November 15, 2012 in City

Jim Kershner’s this day in history

By The Spokesman-Review
 

From our archives, 100 years ago

Spokane city librarian G.W. Fuller was on his way to New York to make a presentation to the Carnegie Library Board, seeking a donation to greatly expand Spokane’s library.

The library had been growing by “leaps and bounds” and had outgrown its present building. This was due not only to the city’s natural growth, but to the efforts of Fuller himself, who had instituted a policy “of taking the library to the people.” Fuller was nicknamed “The Library Militant.”

He had high hopes that the Carnegie board would give the city a donation for expansion.

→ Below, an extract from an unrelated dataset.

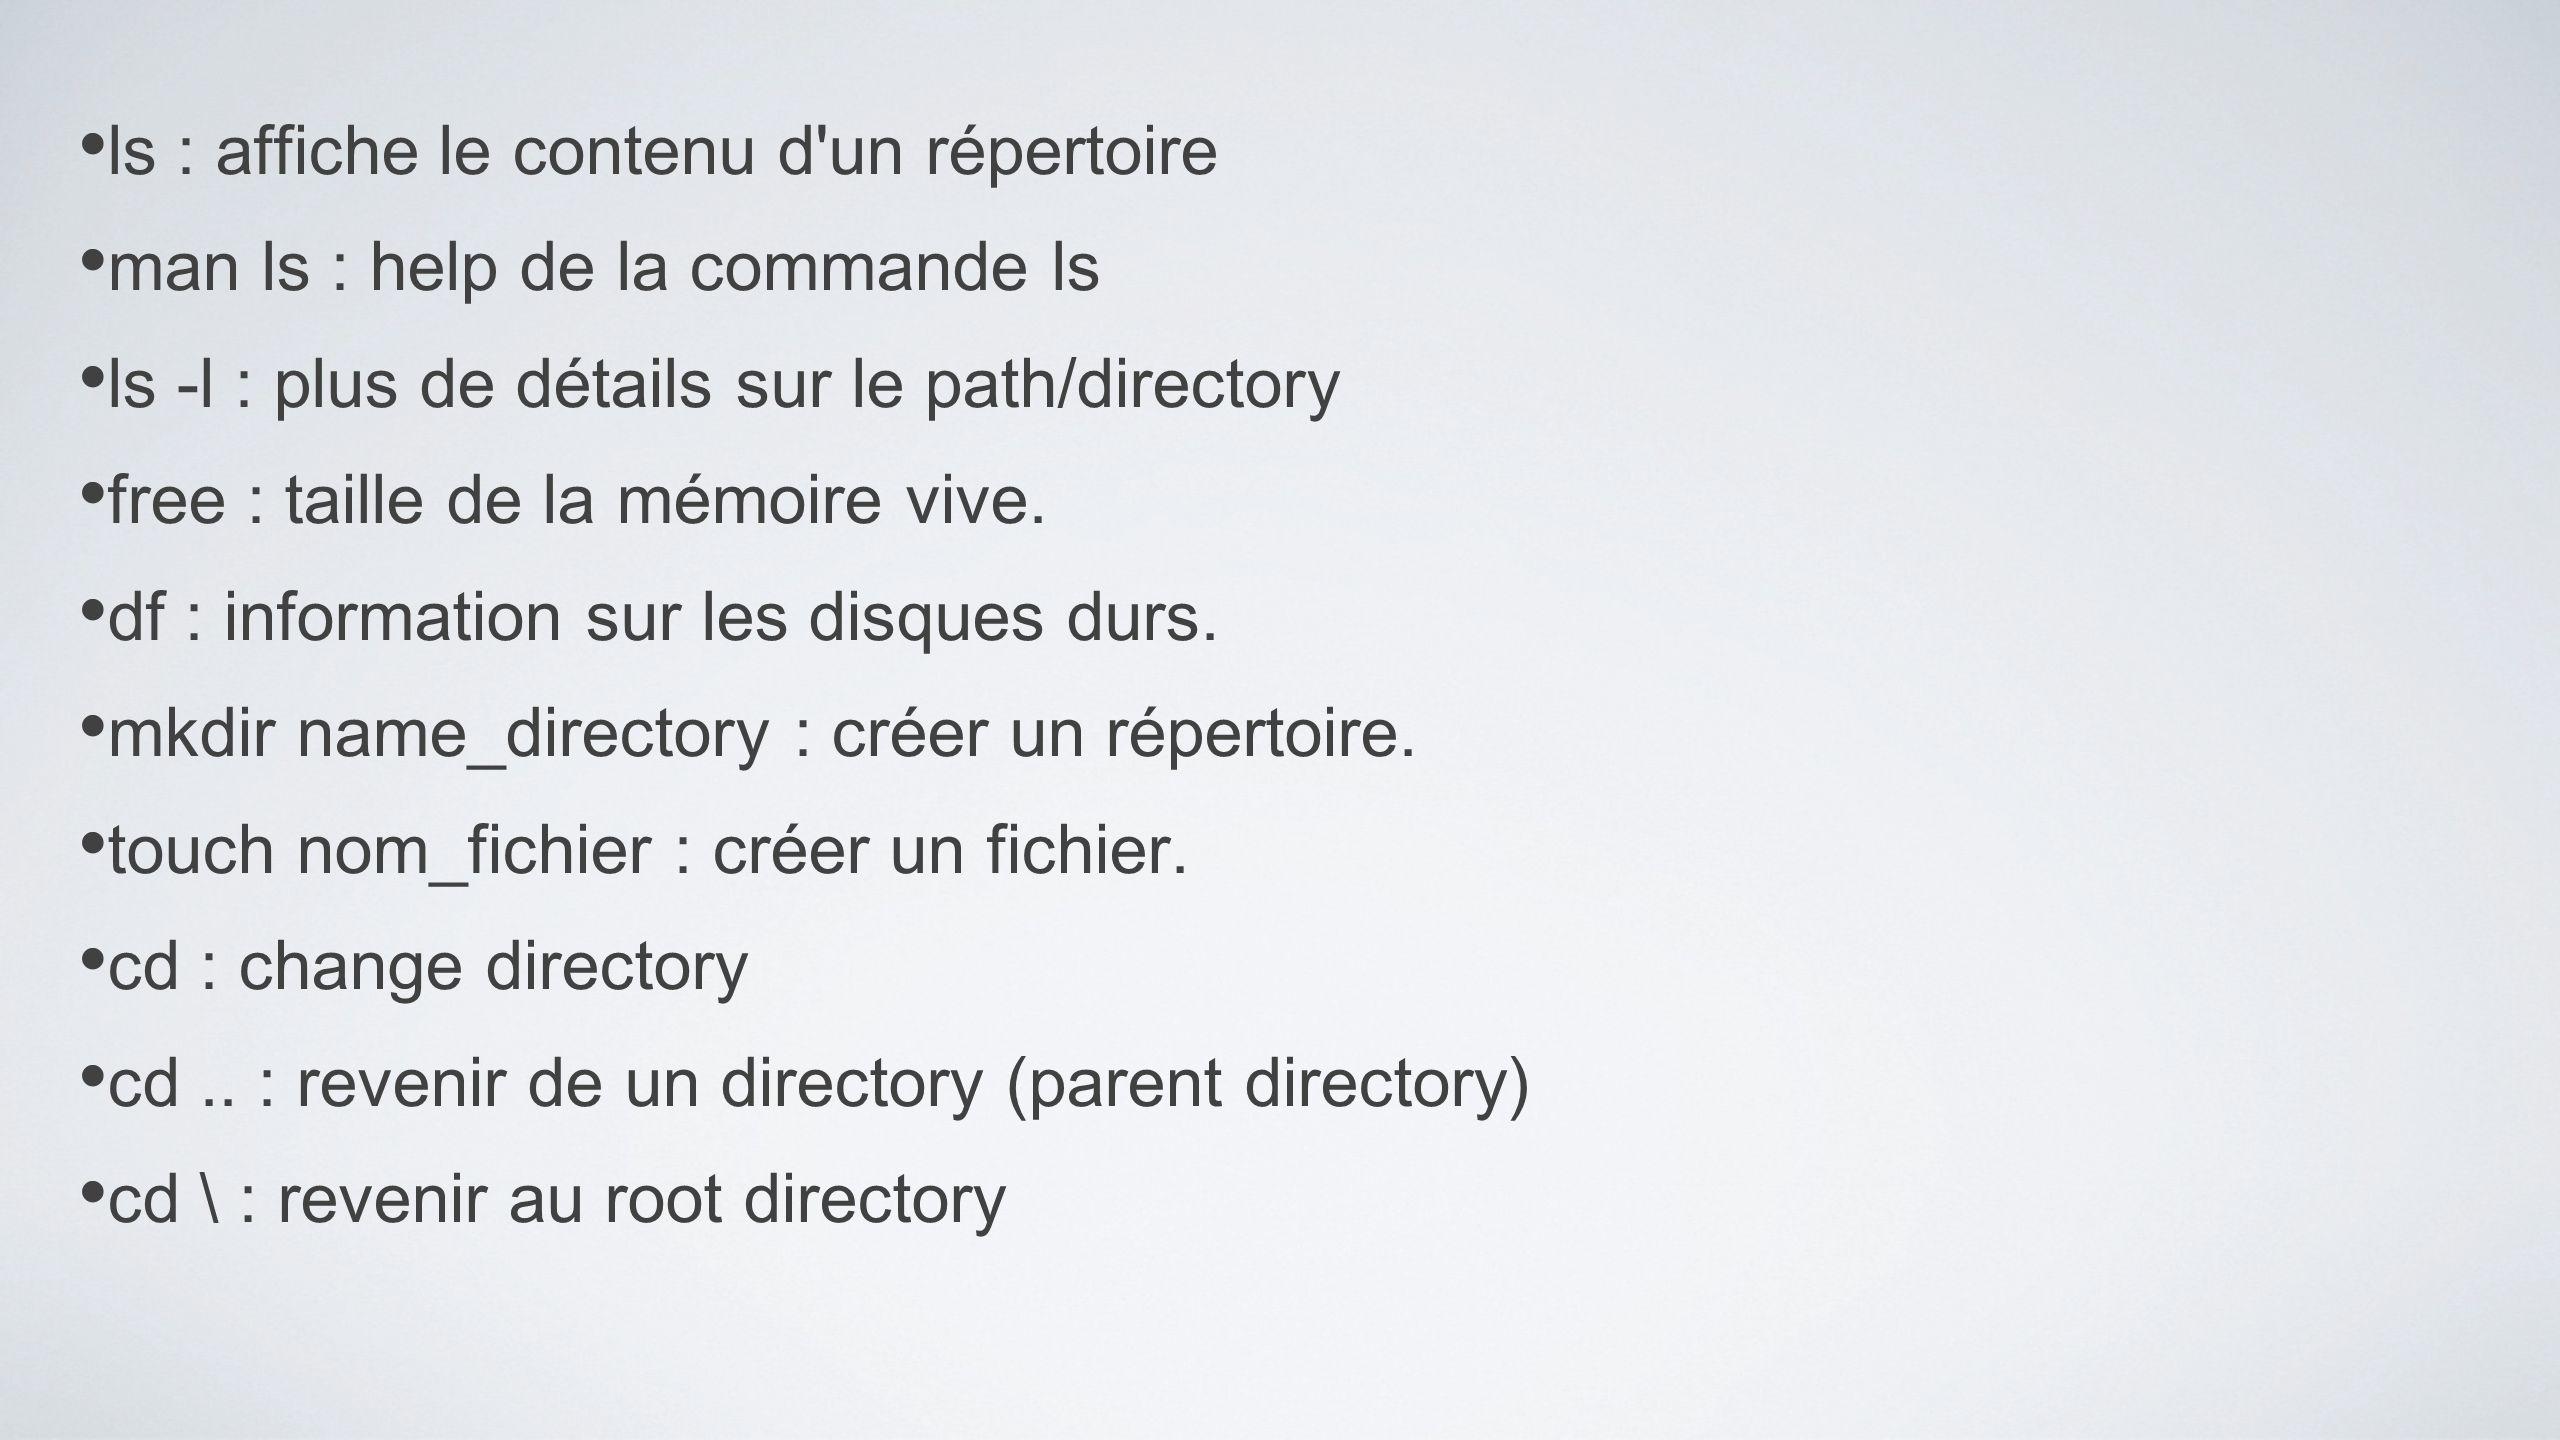 ls : affiche le contenu d'un répertoire man ls : help de la commande ls ls -l : plus de détails sur le path/directory free : taille de la mémoire vive

From the accident beat: Mike Lombardi, 27, a laborer from Rosalia, Wash., fell 12 feet into an open excavation pit on Trent Avenue near Browne Street. He was in the pit for hours, unable to move, until his cries were heard by policemen walking their beat at 2:30 a.m.

His neck was broken and he was totally paralyzed. However, physicians said his condition was “very favorable.”

Also on this date

(From the Associated Press)

1942: The naval Battle of Guadalcanal ended during World War II with a decisive U.S. victory over Japanese forces. … 1966: The flight of Gemini 12 ended successfully as astronauts James A. Lovell and Edwin “Buzz” Aldrin Jr. splashed down safely in the Atlantic.